[The data Boundary: Start]

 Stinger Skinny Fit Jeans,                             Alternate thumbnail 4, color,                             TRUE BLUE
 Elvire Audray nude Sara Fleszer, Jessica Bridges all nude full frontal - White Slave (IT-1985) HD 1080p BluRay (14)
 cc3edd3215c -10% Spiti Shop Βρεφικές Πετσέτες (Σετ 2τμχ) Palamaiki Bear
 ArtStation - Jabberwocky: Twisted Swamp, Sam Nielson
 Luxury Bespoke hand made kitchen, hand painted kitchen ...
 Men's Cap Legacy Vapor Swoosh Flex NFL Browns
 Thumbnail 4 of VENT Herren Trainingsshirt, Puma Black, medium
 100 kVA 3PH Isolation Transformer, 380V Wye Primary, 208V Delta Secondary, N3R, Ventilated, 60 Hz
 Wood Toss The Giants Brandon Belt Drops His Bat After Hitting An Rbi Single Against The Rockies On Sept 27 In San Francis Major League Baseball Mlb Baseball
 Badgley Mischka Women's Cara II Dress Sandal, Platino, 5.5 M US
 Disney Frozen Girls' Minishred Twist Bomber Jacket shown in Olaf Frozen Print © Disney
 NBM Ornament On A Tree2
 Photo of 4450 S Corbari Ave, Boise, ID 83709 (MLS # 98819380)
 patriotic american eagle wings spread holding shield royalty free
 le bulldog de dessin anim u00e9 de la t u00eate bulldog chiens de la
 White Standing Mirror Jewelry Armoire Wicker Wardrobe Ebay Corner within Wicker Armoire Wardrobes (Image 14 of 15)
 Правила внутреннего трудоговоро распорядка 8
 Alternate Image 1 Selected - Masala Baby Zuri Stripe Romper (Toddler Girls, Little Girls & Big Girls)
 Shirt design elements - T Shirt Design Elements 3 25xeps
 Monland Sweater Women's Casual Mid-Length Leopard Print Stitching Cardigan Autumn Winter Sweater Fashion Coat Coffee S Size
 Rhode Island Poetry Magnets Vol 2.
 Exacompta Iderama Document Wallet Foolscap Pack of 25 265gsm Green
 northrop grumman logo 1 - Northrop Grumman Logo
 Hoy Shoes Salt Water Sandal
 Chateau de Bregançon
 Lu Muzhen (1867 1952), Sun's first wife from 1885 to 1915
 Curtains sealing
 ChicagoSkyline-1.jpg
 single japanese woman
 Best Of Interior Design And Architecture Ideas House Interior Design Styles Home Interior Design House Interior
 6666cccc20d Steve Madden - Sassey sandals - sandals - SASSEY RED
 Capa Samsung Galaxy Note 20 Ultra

[The data Boundary: End]

• _Work instruction_
Repeat the line that contains "Chateau de Bregançon", then every line after it until the records end, with nothing added.

• _Output for this task_
 Chateau de Bregançon
 Lu Muzhen (1867 1952), Sun's first wife from 1885 to 1915
 Curtains sealing
 ChicagoSkyline-1.jpg
 single japanese woman
 Best Of Interior Design And Architecture Ideas House Interior Design Styles Home Interior Design House Interior
 6666cccc20d Steve Madden - Sassey sandals - sandals - SASSEY RED
 Capa Samsung Galaxy Note 20 Ultra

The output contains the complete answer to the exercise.